Yi Yunai, Sun Diya, Li Peixin, Kim Tae-Kyun, Xu Tianmin, Pei Yuru
Key Laboratory of Machine Perception (MOE), Department of Machine Intelligence, Peking University, Beijing, 100871 China.
Department of Electrical and Electronic Engineering, Imperial College London, London, UK.

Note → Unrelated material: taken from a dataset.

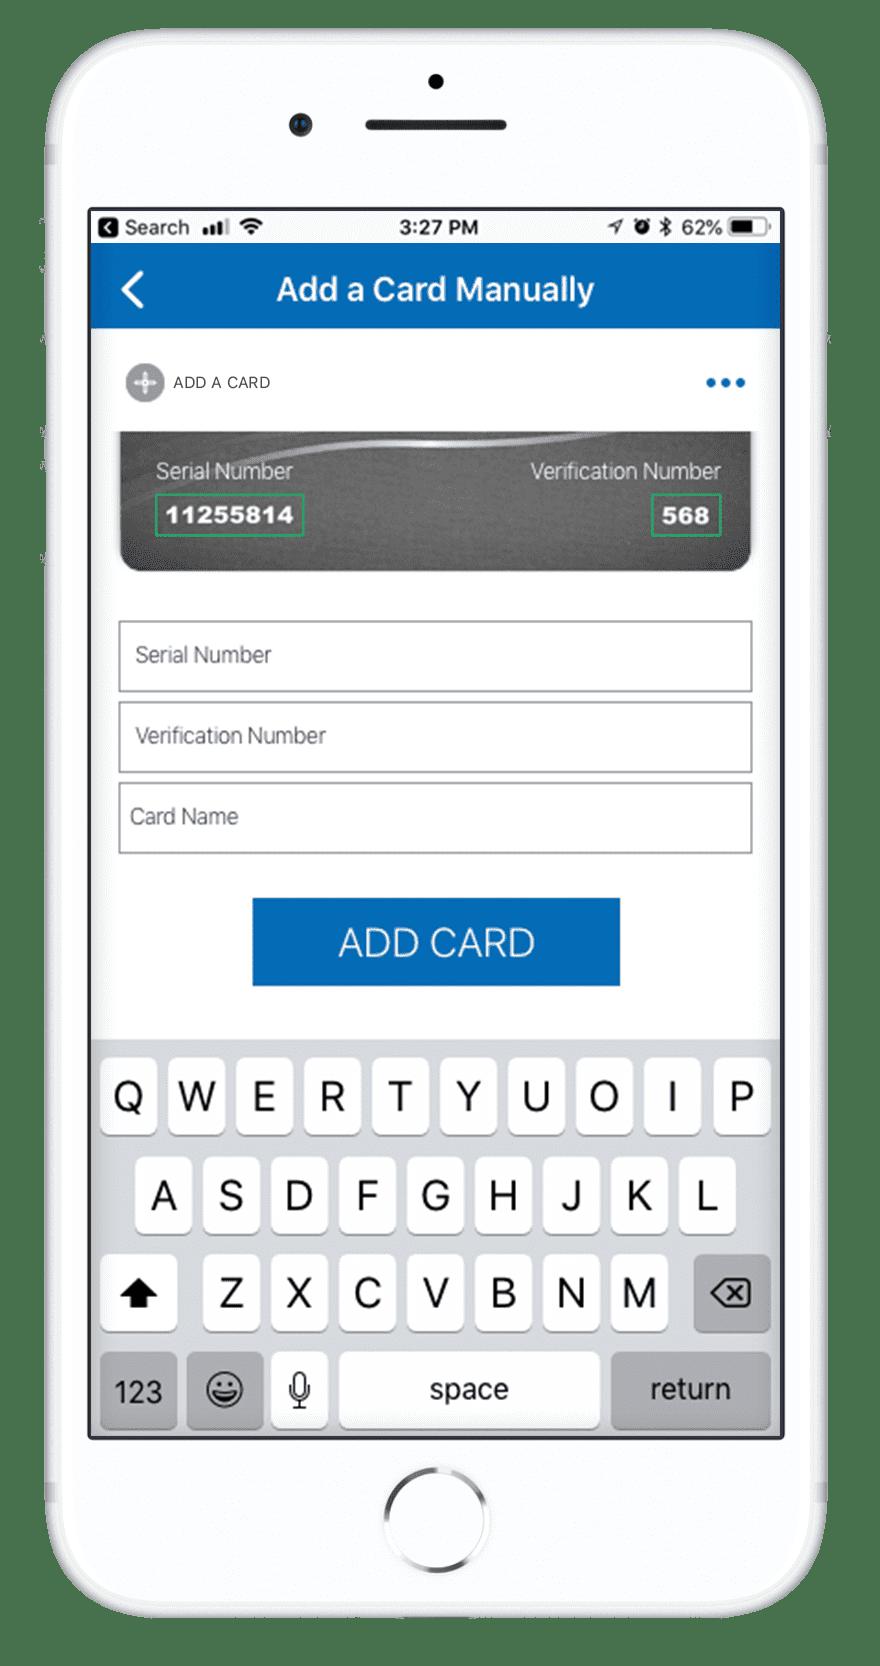 Orca Card 2 - Add a Card Manually Screen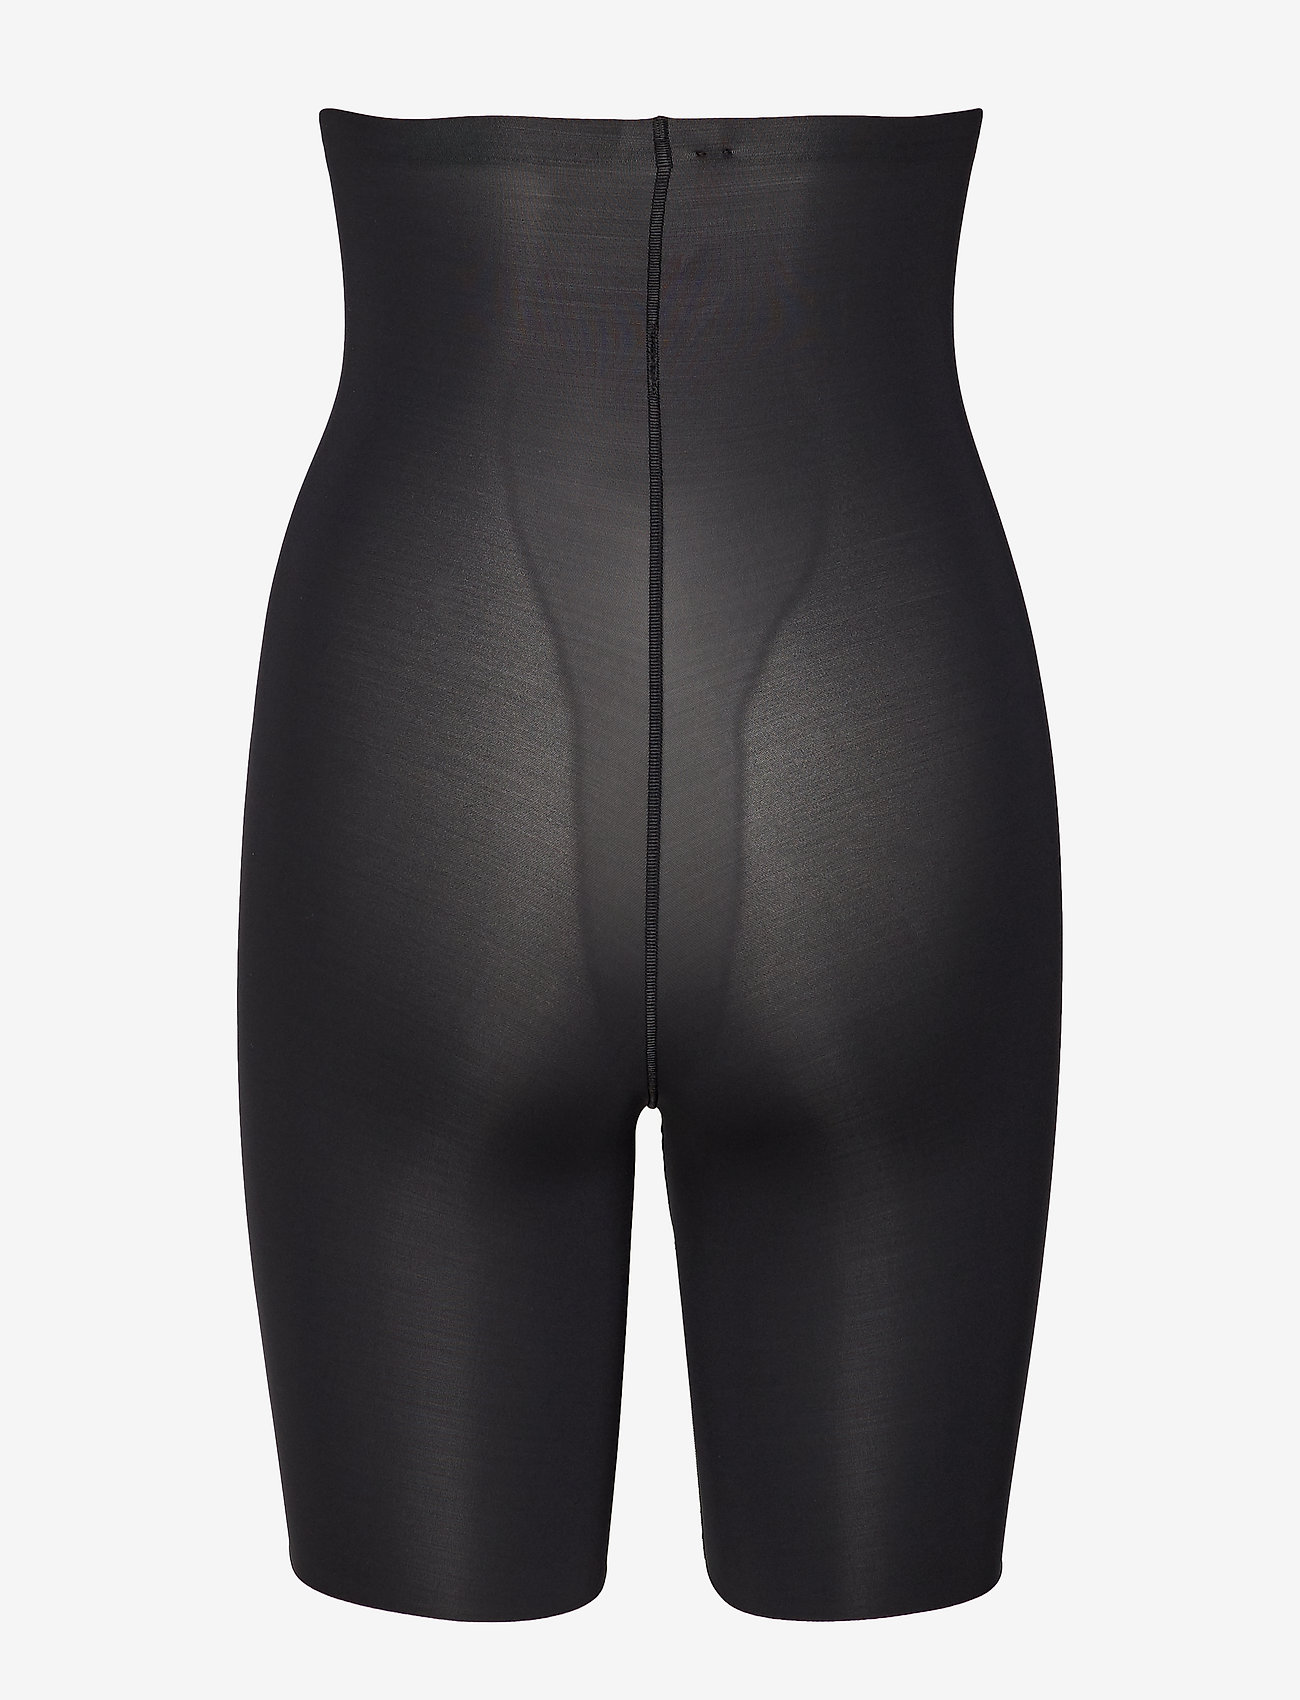 Spanx - HIGH-WAIST SH - bottoms - black - 1

Comput Vis Media (Beijing). 2022;8(2):257-272. doi: 10.1007/s41095-021-0241-9. Epub 2021 Dec 6.
This paper presents an unsupervised clustering random-forest-based metric for affinity estimation in large and high-dimensional data. The criterion used for node splitting during forest construction can handle rank-deficiency when measuring cluster compactness. The binary forest-based metric is extended to continuous metrics by exploiting both the common traversal path and the smallest shared parent node. The proposed forest-based metric efficiently estimates affinity by passing down data pairs in the forest using a limited number of decision trees. A pseudo-leaf-splitting (PLS) algorithm is introduced to account for spatial relationships, which regularizes affinity measures and overcomes inconsistent leaf assign-ments. The random-forest-based metric with PLS facilitates the establishment of consistent and point-wise correspondences. The proposed method has been applied to automatic phrase recognition using color and depth videos and point-wise correspondence. Extensive experiments demonstrate the effectiveness of the proposed method in affinity estimation in a comparison with the state-of-the-art.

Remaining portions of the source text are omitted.